You’ll see a trailer of your chosen video before you decide to buy it, which you do using a PIN code. The video then displays straight away, with no need to download it first. 1.5Mbps of the customer’s broadband connection is reserved for these video downloads.

The video on demand downloads don’t count towards your monthly broadband usage allowance, which is as low as 2GB on the cheapest option. 

This reminds me of the debate over network neutrality in the USA. Of course, ISPs have been doing it for along time over here (Bittorrent downloads often capped during peak hours) but this is probably the first time a major UK ISP is giving priority to their own traffic in such a way.
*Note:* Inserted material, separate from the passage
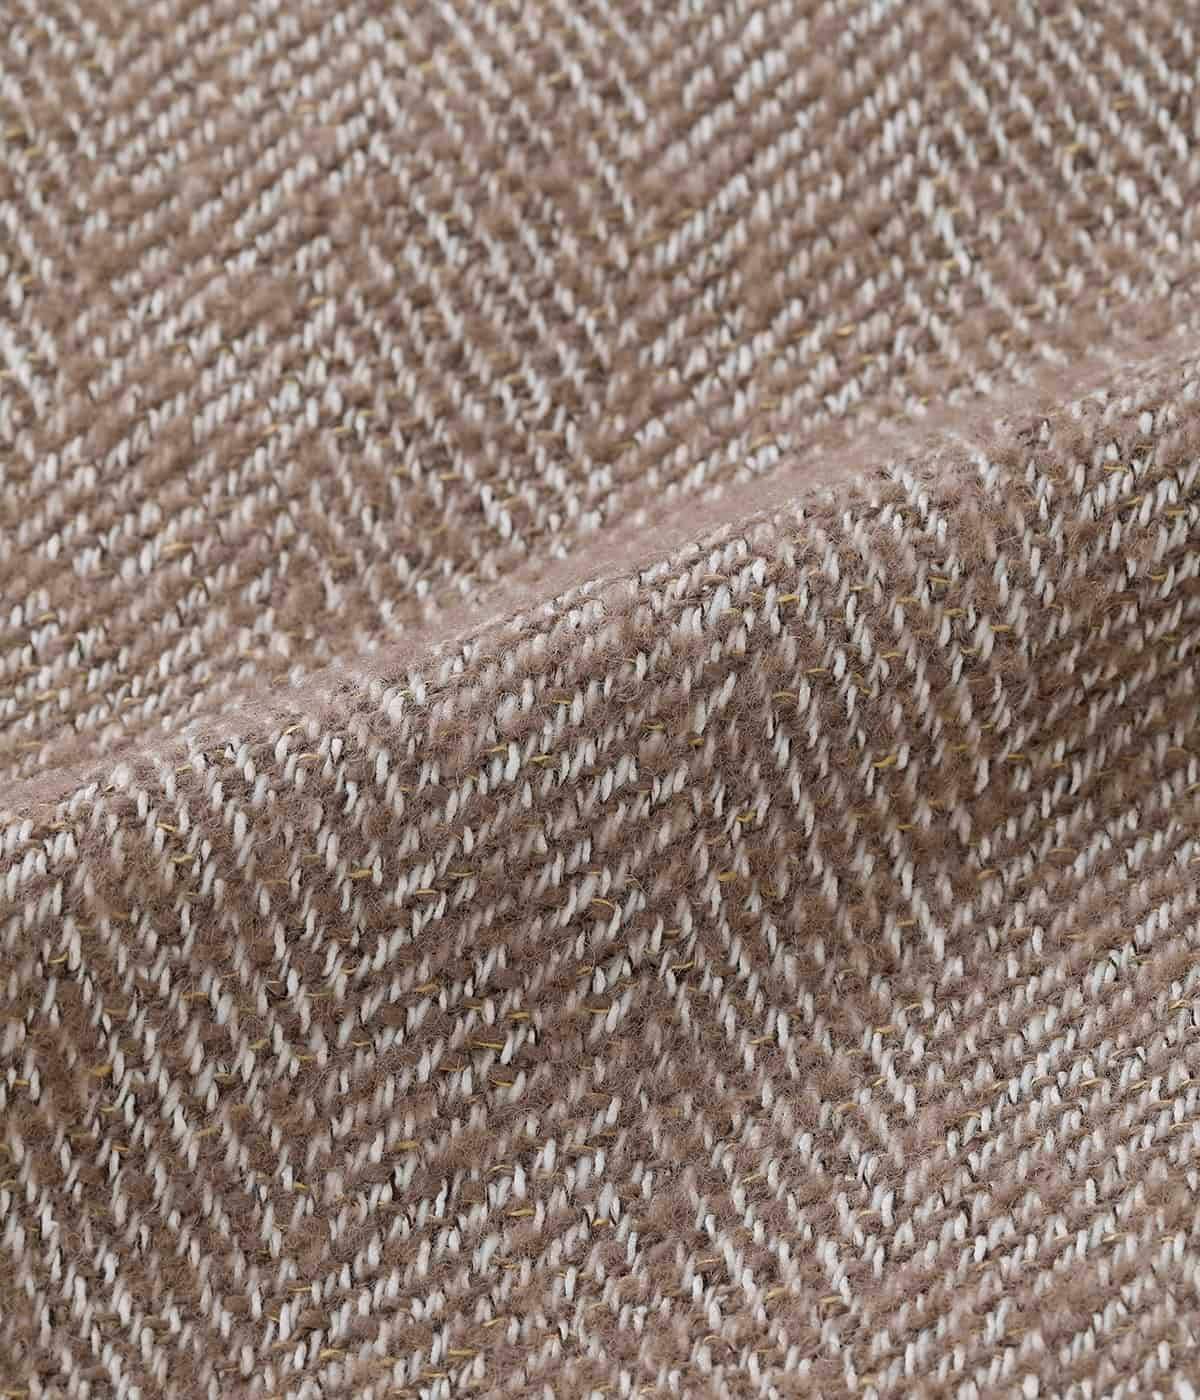 SIPULI｜Herringbone Tweed ノーカラーコート | Rakuten Fashion(楽天
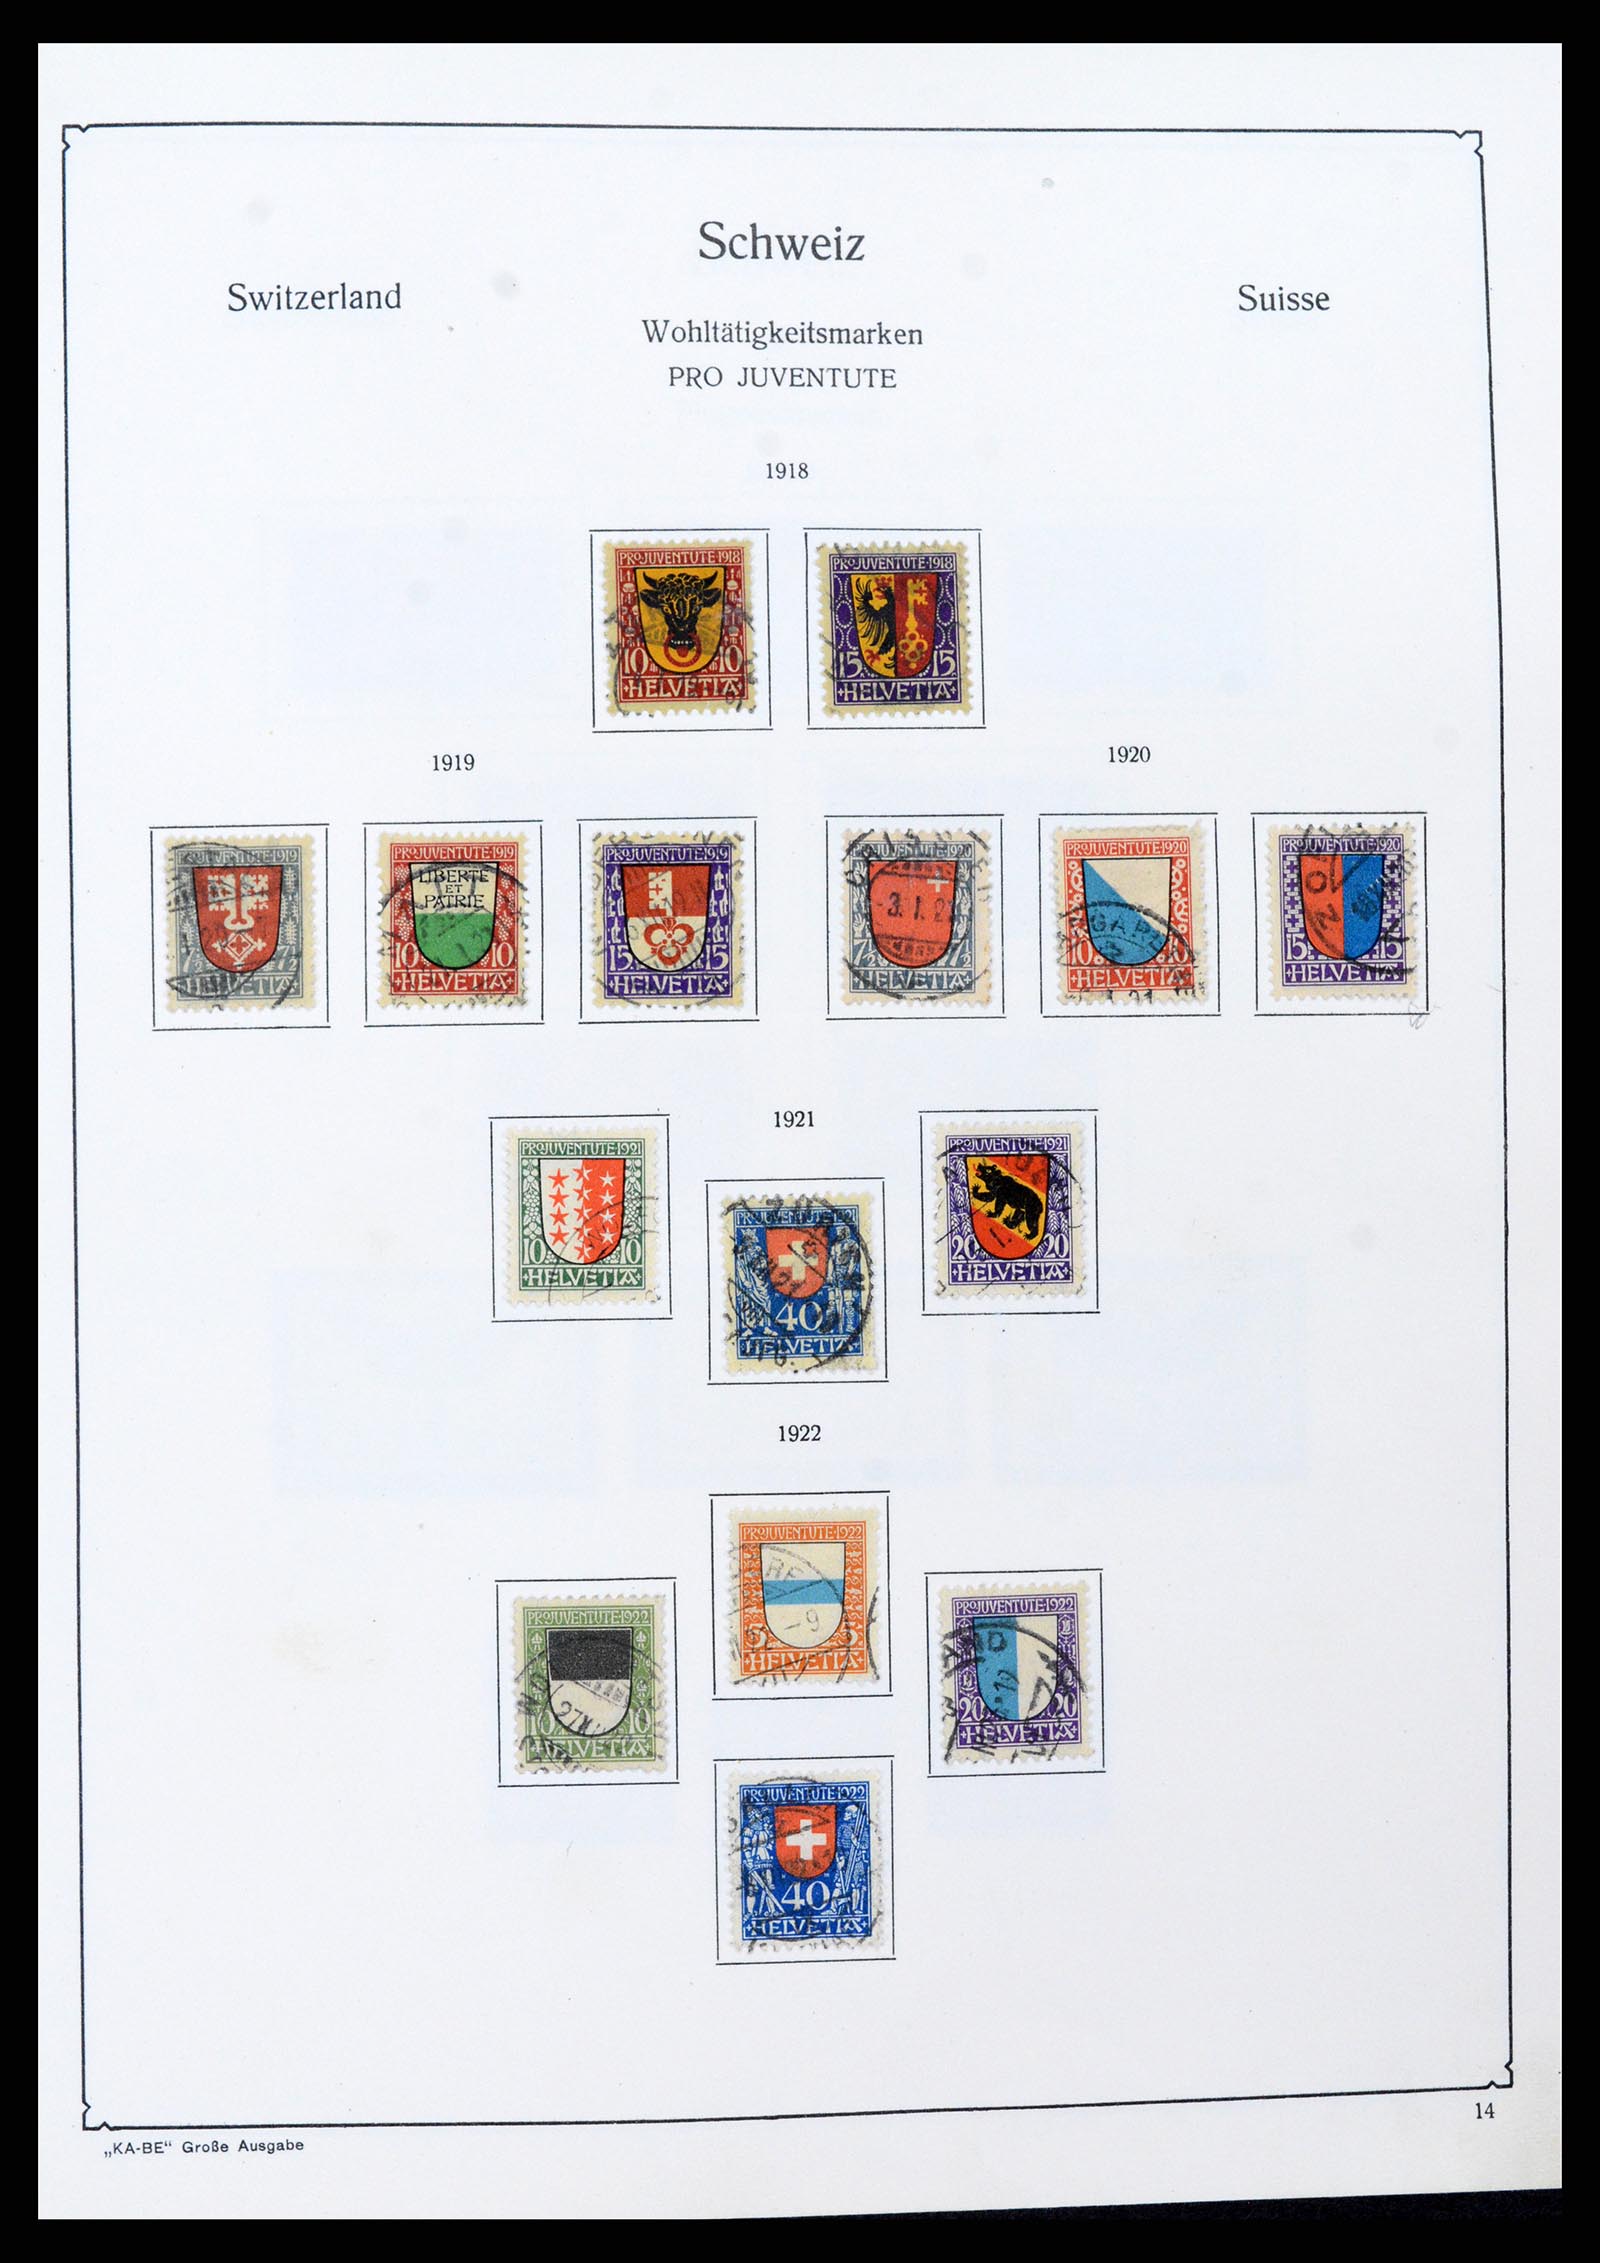 37588 013 - Stamp collection 37588 Switzerland 1854-1974.

BT gives traffic from it’s "BT Vision" priority on the network. From a customers point of view this is a pretty good thing if your using the service – you want it to be as reliable as ntl or Sky and not to break up and buffer as you would associate with the internet connection. It’s also good news capwise – even the highest cap package, 40GB, isn’t that much. With no caps on BT Vision traffic, you can also watch television without worrying about limits which is great.

The only problem with this is that BT does not allow rival Video on Demand services to compete. If someone else wanted to provide Video on Demand to BT users they won’t be able to provide priority connections or reserved bandwidth and downloads will be capped.

IMO this is a bad thing as it prevents competition but as a possible BT Vision user, I’m also glad that the service will be cap-free and will have reserved bandwidth. So I’m actually not sure where I stand on the network neutrality issue.